PEMERINTAH semestinya berhenti sembunyi-sembunyi soal subsidi Premium. Kalau pemerintah memang belum rela melepas harga bahan bakar minyak pada mekanisme pasar, beban subsidi seharusnya dimasukkan resmi ke Anggaran Pendapatan dan Belanja Negara. Sebaliknya, jika berniat benar-benar menghapus subsidi, jangan lagi membebani Pertamina dengan kewajiban menyediakan Premium dengan harga murah.
Ambiguitas pemerintah ini jadi sorotan karena, pekan lalu, Presiden Joko Widodo meminta Pertamina kembali menjual Premium di Jawa, Madura, dan Bali. Kelangkaan Premium disebut-sebut jadi alasannya. Wakil Menteri Energi dan Sumber Daya Mineral Arcandra Tahar segera mengiyakan instruksi Presiden dan memastikan Peraturan Pemerintah Nomor 191 Tahun 2014 tentang Penyediaan, Pendistribusian, dan Harga Jual BBM akan diubah. Ini jelas kabar buruk buat Pertamina.
Dengan menjual Premium di luar Jawa, Madura, dan Bali seharga Rp 6.550 per liter saja Pertamina sebenarnya sudah rugi. Pasalnya, harga pokok per liter Premium sudah Rp 2.000 lebih mahal dari itu. Bisa dipastikan kerugian Pertamina bakal berlipat jika mereka wajib menjual Premium di seluruh Indonesia.

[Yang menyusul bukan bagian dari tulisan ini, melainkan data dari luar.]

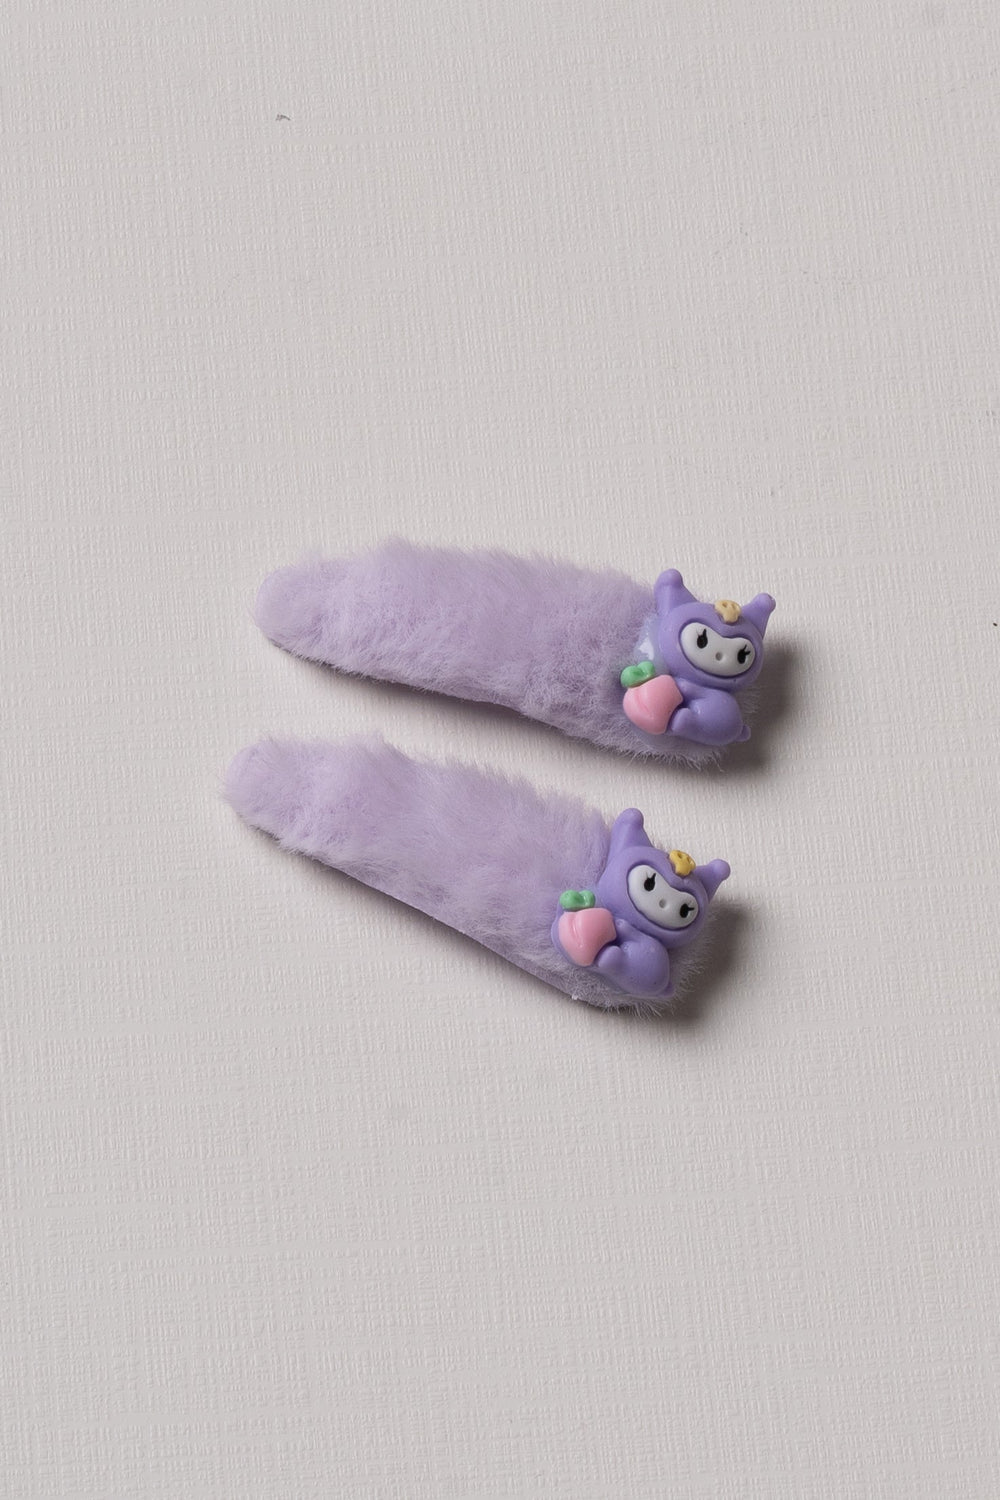 The Nesavu Tick Tac Clip Lavender Dream Fuzzy Tick Tac Clips Nesavu Purple / Style 1 JHTT16A Children's Lavender Fuzzy Animal Tick Tac Clips | Soft Hair Accessories | The Nesavu

Kisruh ini bermula dari kebijakan Presiden Joko Widodo menghentikan subsidi Premium pada awal 2015. Sejak itu, beban subsidi bahan bakar minyak dalam APBN memang terus berkurang: dari Rp 46,7 triliun pada 2014 menjadi hanya Rp 7,1 triliun tahun lalu. Jokowi pun bergelimang pujian.
Belakangan, kita tahu, pencabutan subsidi tak sepenuh hati. Pemerintah ternyata masih mengatur Premium sebagai BBM khusus yang harganya ditetapkan Menteri Energi dan Sumber Daya Mineral. Harga itu ditinjau ulang setiap tiga bulan. Yang bikin runyam, harga pemerintah hampir selalu lebih rendah daripada harga pasar. Walhasil, Pertamina sebagai satu-satunya penjual Premium dipaksa menanggung selisih harga sampai triliunan rupiah setiap tahun.
Praktik subsidi terselubung ini membuat pendapatan Pertamina tergerus sekitar Rp 19 triliun pada 2017. Untung saja kerugian Pertamina bisa ditekan karena perusahaan itu hanya diwajibkan menjual Premium dengan harga yang ditetapkan pemerintah di luar Jawa, Madura, dan Bali. Di luar itu, Pertamina bermanuver dengan menjual Pertalite.
Bisa dibayangkan: permintaan Presiden agar Pertamina kembali berjualan Premium di Jawa, Madura, dan Bali pasti bakal membuat kerugian badan usaha milik negara itu berlipat-lipat. Sulit membayangkan Pertamina dapat berkembang dengan menanggung kerugian besar setiap tahun. Di sisi lain, mengembalikan subsidi Premium ke APBN jelas bukan opsi yang masuk akal. Ruang fiskal di APBN kita tak cukup longgar untuk menyokong kebijakan itu tanpa membahayakan kondisi perekonomian secara umum.
Pilihan pemerintah memang tak banyak. Koreksi atas Peraturan Pemerintah Nomor 191 Tahun 2014 dibutuhkan, tapi bukan untuk memaksa Pertamina menjual Premium di Jawa, Madura, dan Bali. Pemerintah justru harus memasukkan Premium ke kelompok BBM umum, seperti Pertamax, agar harganya boleh ditentukan sendiri oleh perusahaan penyalur. Apalagi Undang-Undang Nomor 22 Tahun 2001 tentang Minyak dan Gas Bumi sebenarnya telah menyerahkan harga BBM dan gas bumi kepada mekanisme persaingan usaha, asalkan yang sehat dan wajar.
Harus diakui, dengan kebijakan ini, popularitas Presiden Jokowi di masyarakat kelas menengah ke bawah terancam turun. Tapi dia akan mendapat banyak pendukung baru karena tak lagi mengelabui publik soal subsidi.